Previous message: Paolo Valente: "[PATCH BUGFIX] block, bfq: fix bug causing crashes"
In reply to: Ondrej Zary: "Re: [PATCH v6 0/6] g_NCR5380: PDMA fixes and cleanup"
Messages sorted by: [ date ] [ thread ] [ subject ] [ author ]

On Sun, 2 Jul 2017, Ondrej Zary wrote:

> On Sunday 02 July 2017 05:11:27 Finn Thain wrote:
> > On Sat, 1 Jul 2017, Ondrej Zary wrote:
> > > The write corruption is still present - "start" must be rolled back
> > > in both IRQ and timeout cases.
> >
> > Your original algorithm aborts the transfer for a timeout. Same with
> > mine.
>
> I do "start -= 2 * 128" even after timeout.
>

Right. My mistake.

> > The bug must be a elsewhere.
> >
> > > And 128 B is not enough , 256 is OK (why did it work last time?).
> >
> > When I get contradictory results it usually means I booted the wrong
> > build or built the wrong branch.
>
> I've just retested PATCHv5, it really misses 128 bytes and works if I
> add "residual += 128;".
>
> > Actually, I think that adding 128 to the residual is correct in some
> > sitations, and 256 is correct in other situations.
> >
> > > We just wrote a buffer to the chip but the chip is writing the
> > > previous one to the drive - so if a problem arises, both buffers are
> > > lost.
> >
> > I see. I guess we have to take buffer swaps into account.
> >
> > > This fixes the corruption (although the "start > 0" check seems wrong
> > > now):
> > > --- a/drivers/scsi/g_NCR5380.c
> > > +++ b/drivers/scsi/g_NCR5380.c
> > > @@ -598,23 +598,17 @@ static inline int generic_NCR5380_psend(struct
> > > NCR5380_hostdata *hostdata, CSR_HOST_BUF_NOT_RDY, 0,
> > > hostdata->c400_ctl_status,
> > > CSR_GATED_53C80_IRQ,
> > > - CSR_GATED_53C80_IRQ, HZ / 64) < 0)
> > > - break;
> > > -
> > > - if (NCR5380_read(hostdata->c400_ctl_status) &
> > > - CSR_HOST_BUF_NOT_RDY) {
> > > + CSR_GATED_53C80_IRQ, HZ / 64) < 0 ||
> > > + (NCR5380_read(hostdata->c400_ctl_status) &
> > > + (CSR_HOST_BUF_NOT_RDY | CSR_GATED_53C80_IRQ))) {
> >
> > You could add a printk to the timeout branch. If it executes,
> > something is seriously wrong. E.g.
> >
> > - break;
> > + { pr_err("send timeout %02x, %d/%d\n",
> > NCR5380_read(hostdata->c400_ctl_status), start, len); break; }
>
> Yes, timeouts do happen:
> [ 9671.909223] send timeout 14, 3840/4096
> [ 9672.978079] send timeout 14, 2816/4096
> [ 9675.323751] send timeout 14, 1280/4096
>

Interesting that these occur unpredictably at 1.07 and 2.34 seconds apart
(I'm assuming that these were logged during continuous write activity.)

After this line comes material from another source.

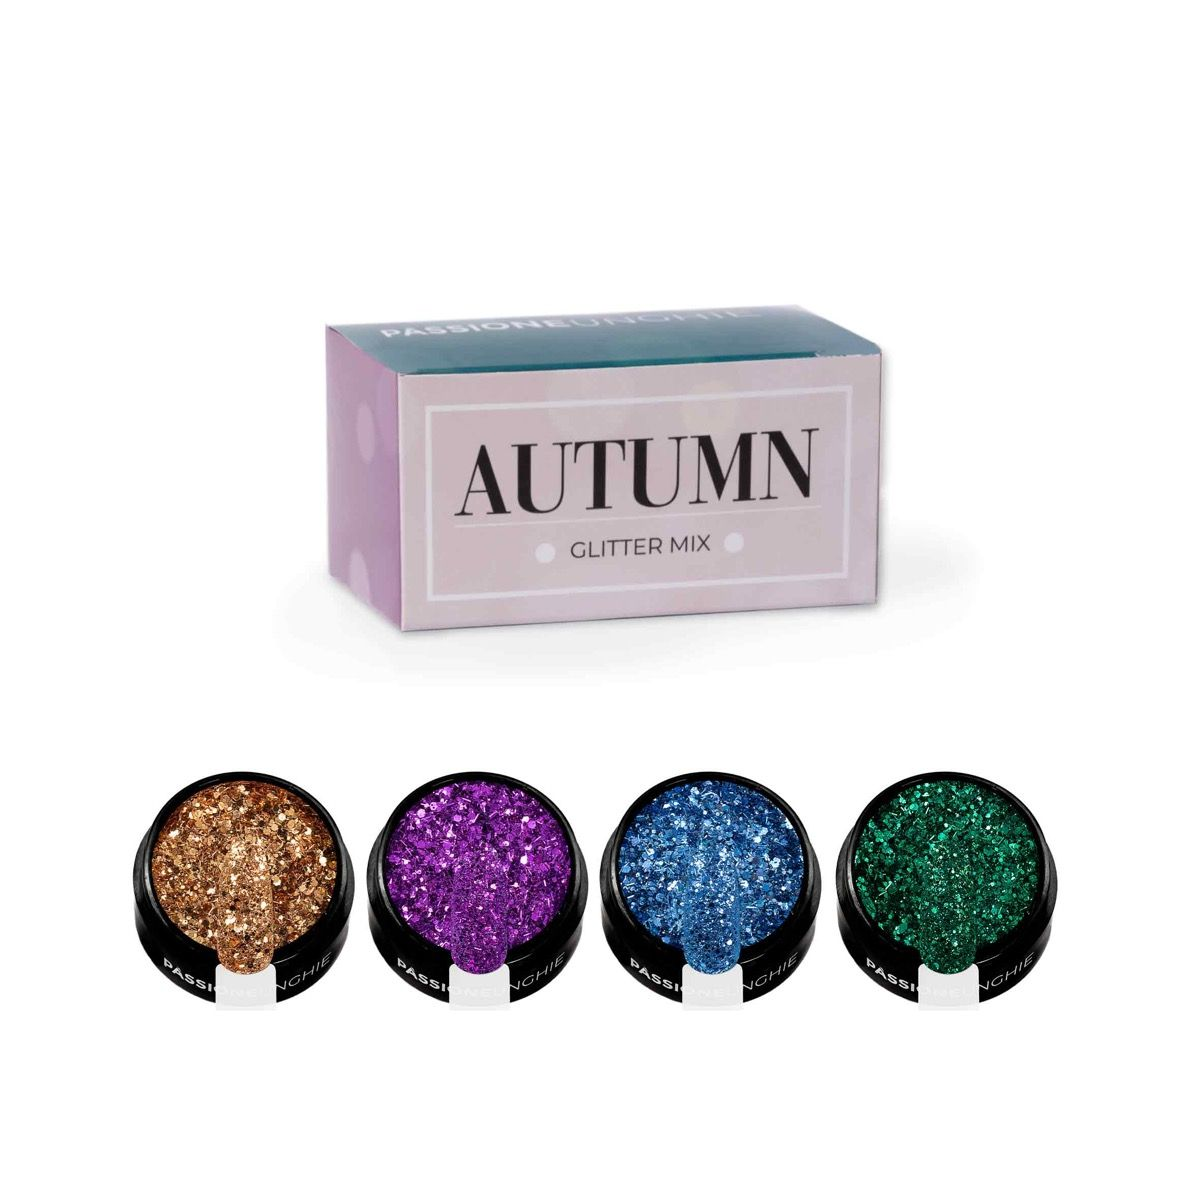 Autumn Glitter Mix

The 0x14 means CSR_53C80_INTR | CSR_HOST_BUF_NOT_RDY which is normal.

The 'start' values are multiples of 256, not 128, which is curious.

This problem looks like the DTC436 PDMA send problem that required the 512
byte transfer limit.

Can you make the problem go away by setting sg_tablesize = SG_NONE?

Does this happen with some boards or targets and not others?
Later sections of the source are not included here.